Brent crude LCOc1 was up 12 cents, or 0.21%, at $58.38 a barrel by 0425 GMT, while U.S. West Texas Intermediate futures CLc1 gained 20 cents, or 0.37%, at $54.14 at barrel, as reported by Reuters.
Oil prices sunk to a nearly one-month low on Tuesday following data that showed U.S. manufacturing activity in August contracted for the first time in three years and euro zone manufacturing activity contracted for a seventh month in August.
But global markets bounced on Wednesday after a private survey showed that activity in China's services sector expanded at the fastest pace in three months in August as new orders rose, prompting the biggest increase in hiring in over a year.
China is the world's second-largest oil consumer and largest importer.
"Given the tumble that we saw overnight it's probably people locking in gains on shorts or perhaps establishing new longs in anticipation we might get an announcement from Beijing on setting a date for trade talks with the United States)," said Michael McCarthy, chief market strategist at CMC Markets in Sydney.

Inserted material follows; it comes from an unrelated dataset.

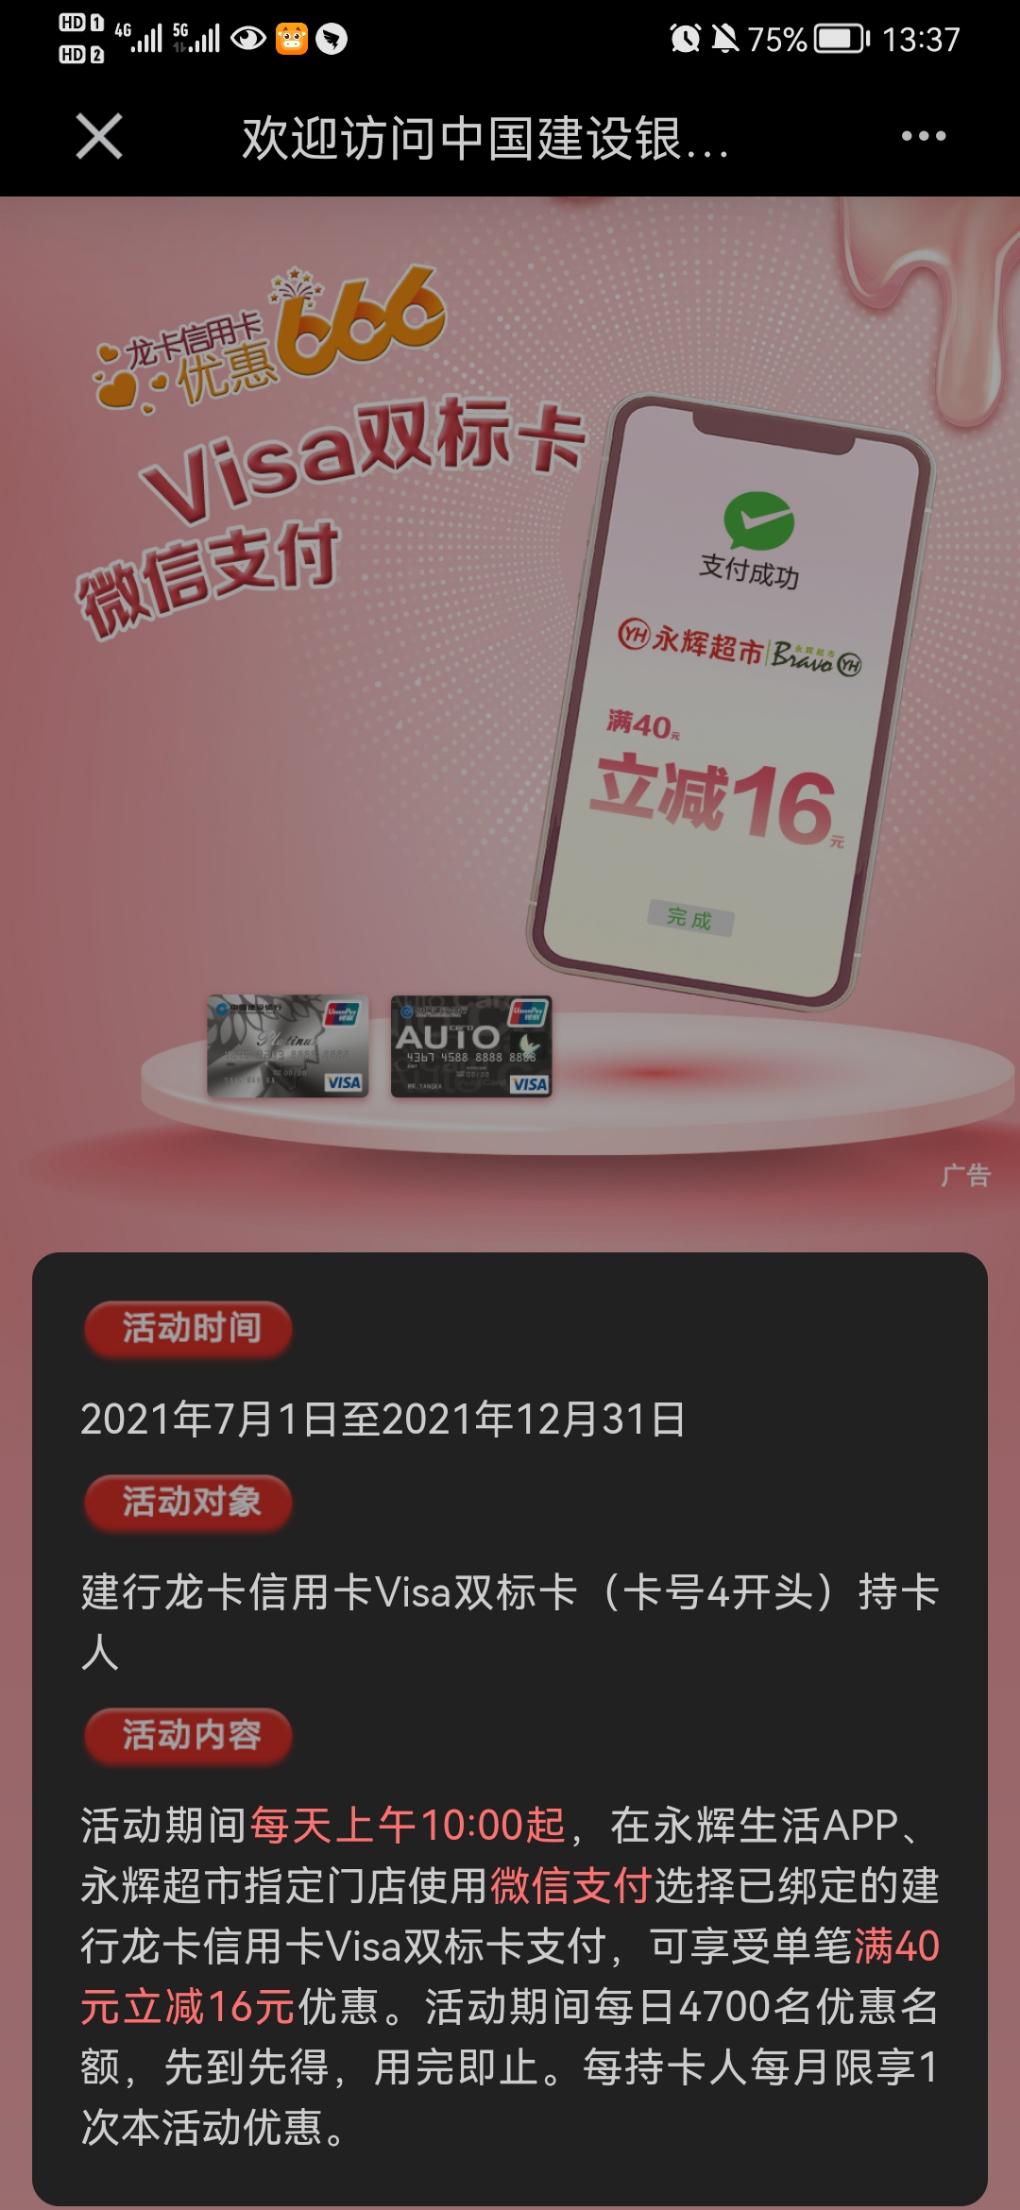 永辉建行visa双标卡40-16-可直接充值-惠小助(52huixz.com)
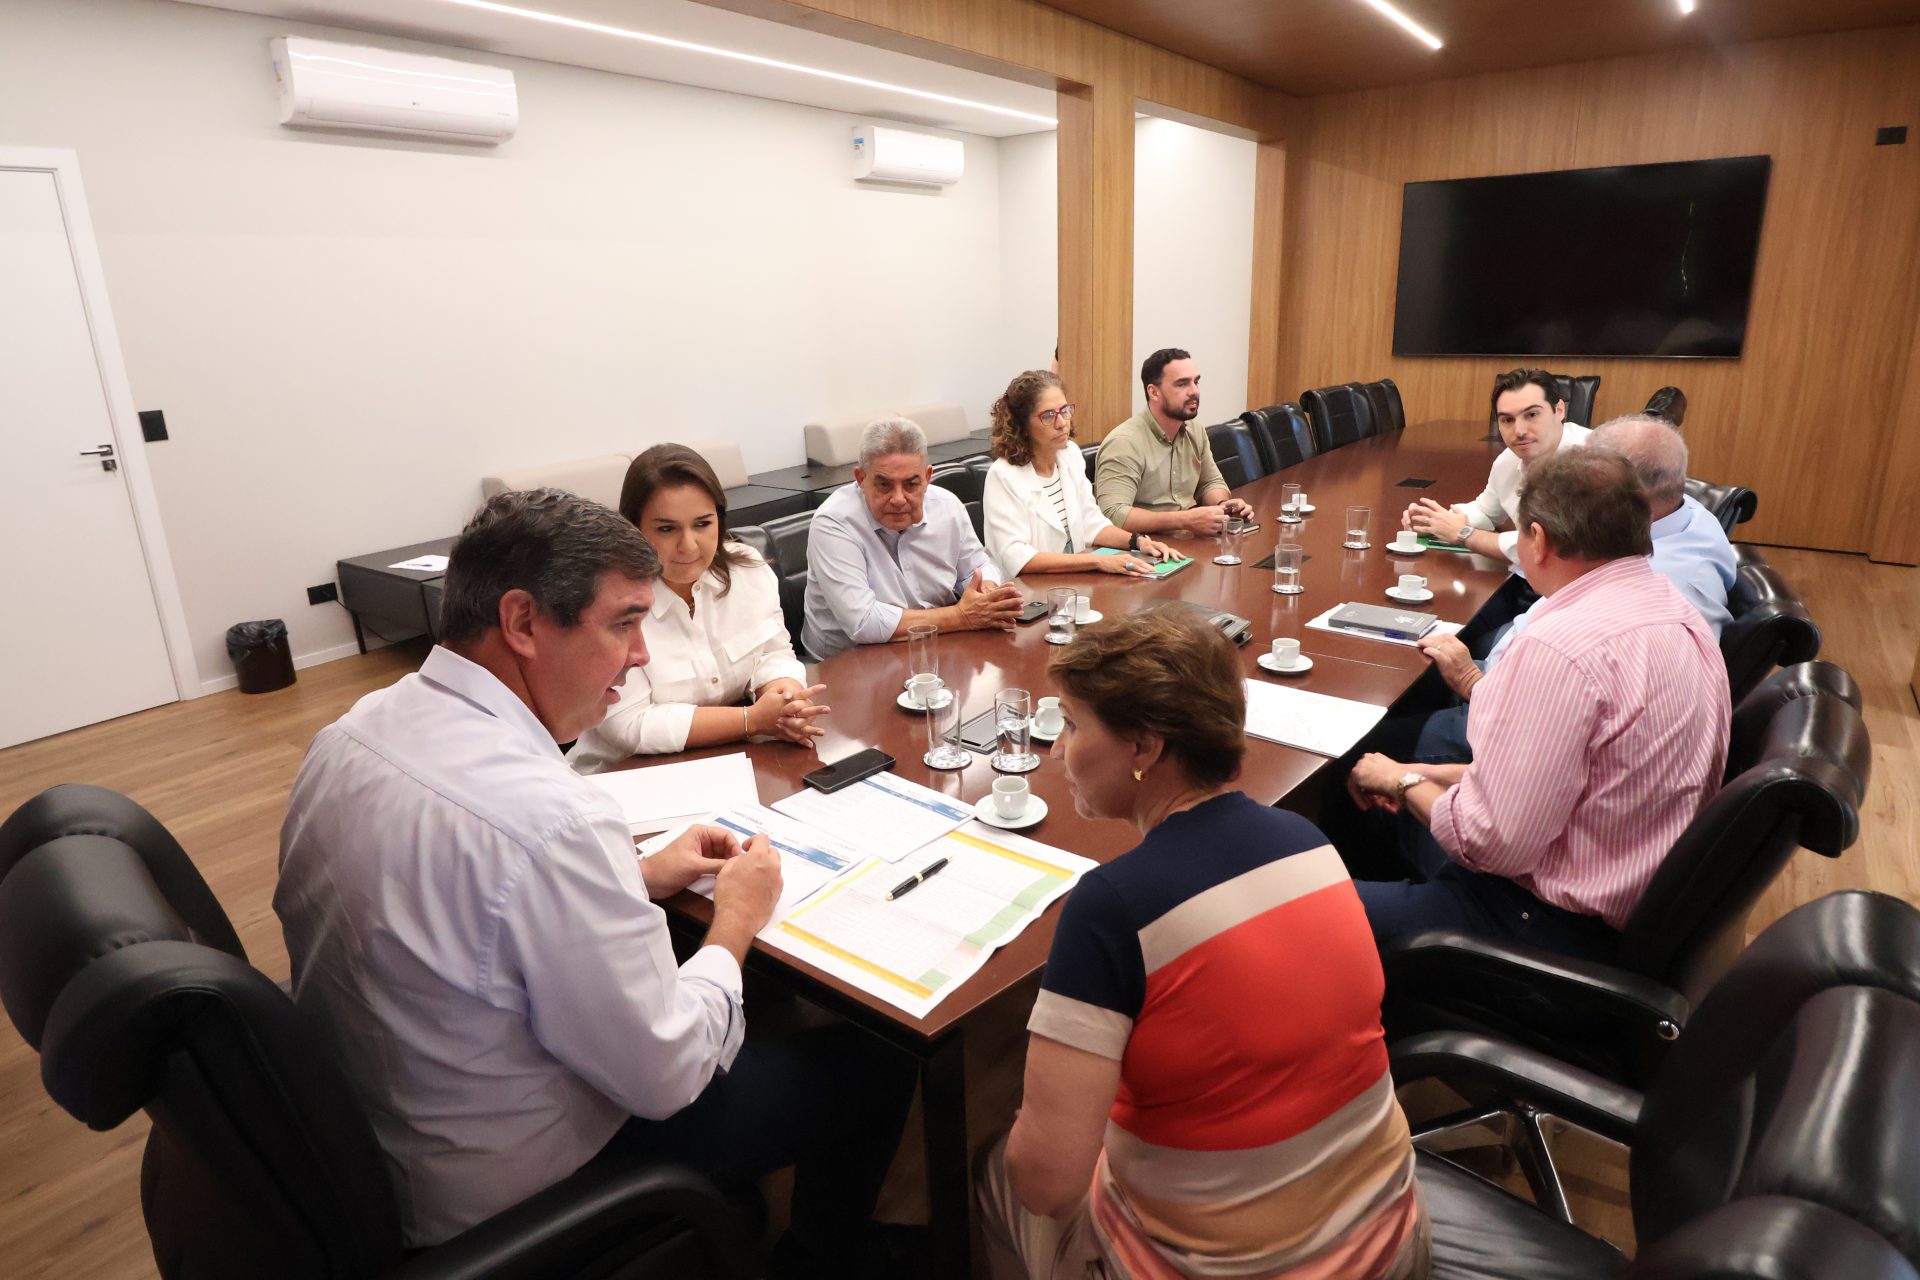 Demandas e projetos na Capital pautam reunião entre município e governo estadual

A short position is when an investor sells futures in expectations of falling prices while a long position is when one buys futures to profit from rising prices.
U.S. President Donald Trump on Tuesday warned he would be "tougher" on Beijing in a second term if trade talks dragged on, compounding market fears that ongoing trade disputes between the United States and China could trigger a U.S. recession.
"Market participants are becoming increasingly worried about recession risk," said Stephen Innes, a market strategist at AxiTrader.
"Moreover, given that tariffs present a significant threat to U.S. growth and in turn, the health of the global economy, oil prices will remain under pressure especially if trade and tariff war shows no sign of abating."
Data due this week on U.S. inventory levels will be delayed by a day to Wednesday and Thursday because of the U.S. Labor Day holiday on Monday.
U.S. crude oil stockpiles likely declined for a third straight week, a preliminary Reuters poll showed on Tuesday.
On the supply side, Venezuela's oil exports fell in August to their lowest level in 2019, internal reports and Refinitiv Eikon data showed, following tougher U.S. sanctions.